* [What to produce]: Could you set down exactly the lines of the data below, starting at the one that holds "Mustafarian Cinnamon Roll" and ending at the one that holds "ROSSO(ロッソ),オイルヒーター,EJ-CA041", both included, and only those?

* [Data provided]:

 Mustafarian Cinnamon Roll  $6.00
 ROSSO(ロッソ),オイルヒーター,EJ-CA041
* * *
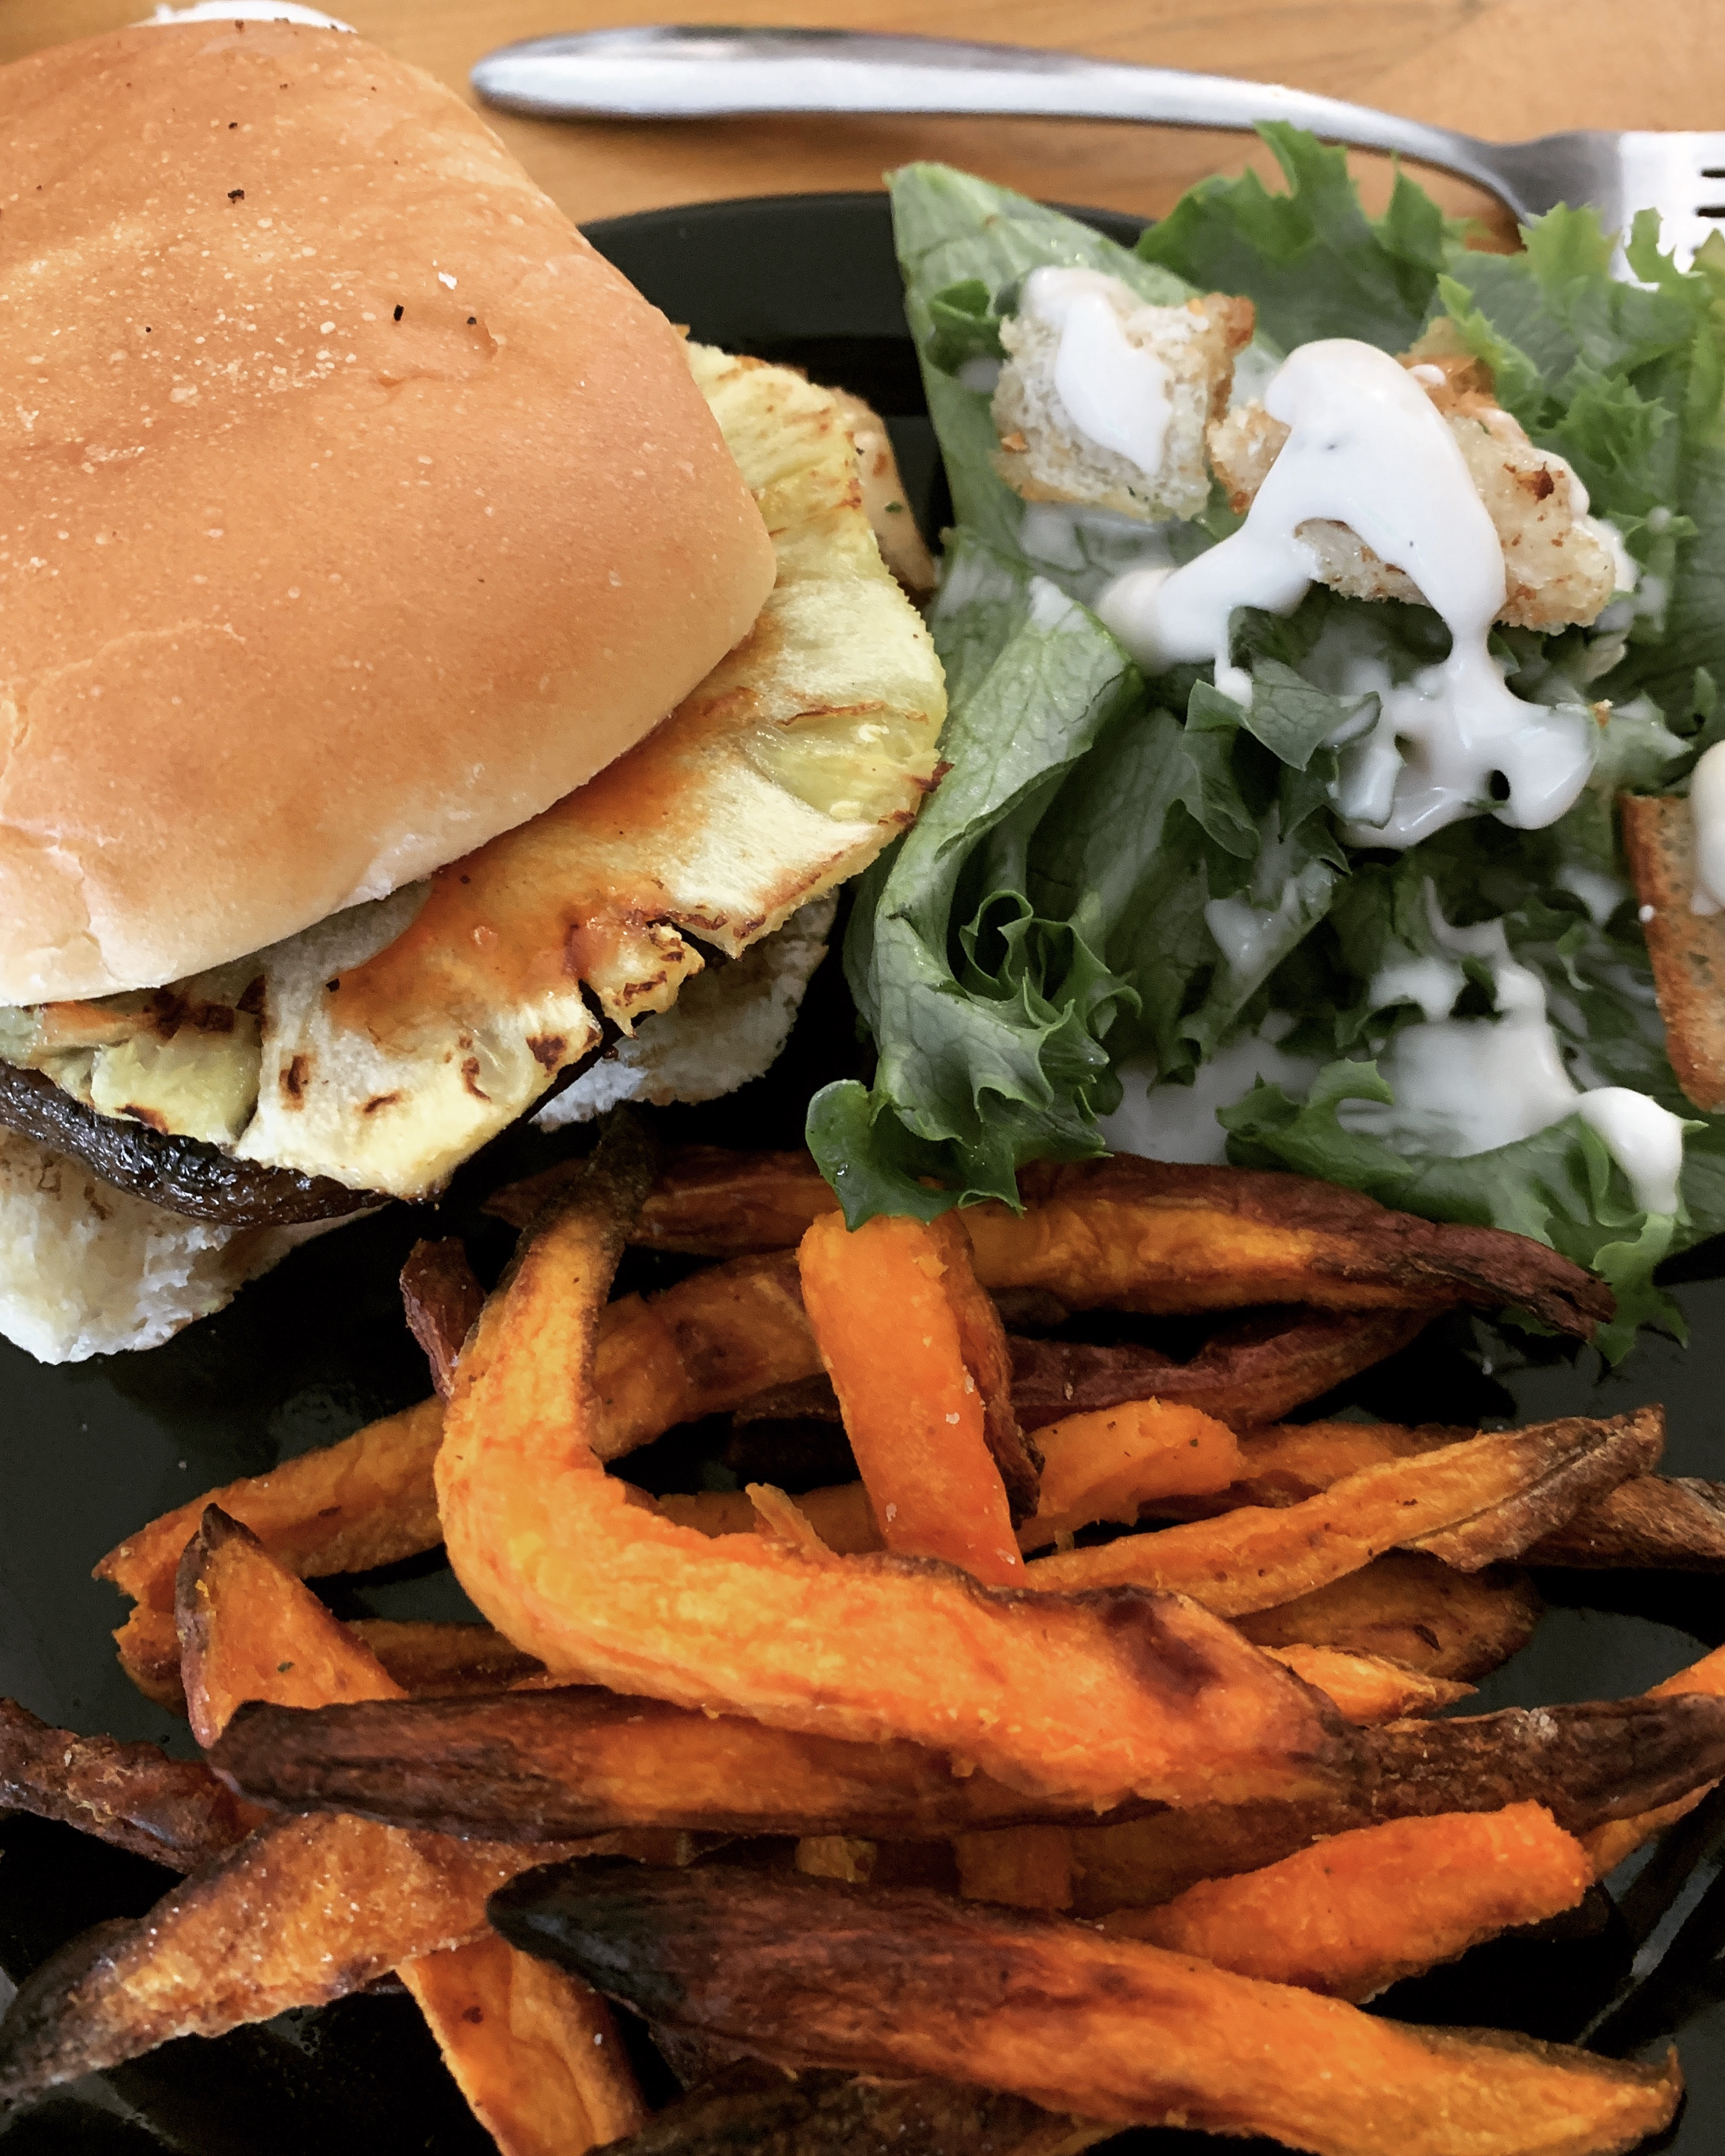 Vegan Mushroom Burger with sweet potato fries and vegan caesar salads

* [Exercise result]:
 Mustafarian Cinnamon Roll  $6.00
 ROSSO(ロッソ),オイルヒーター,EJ-CA041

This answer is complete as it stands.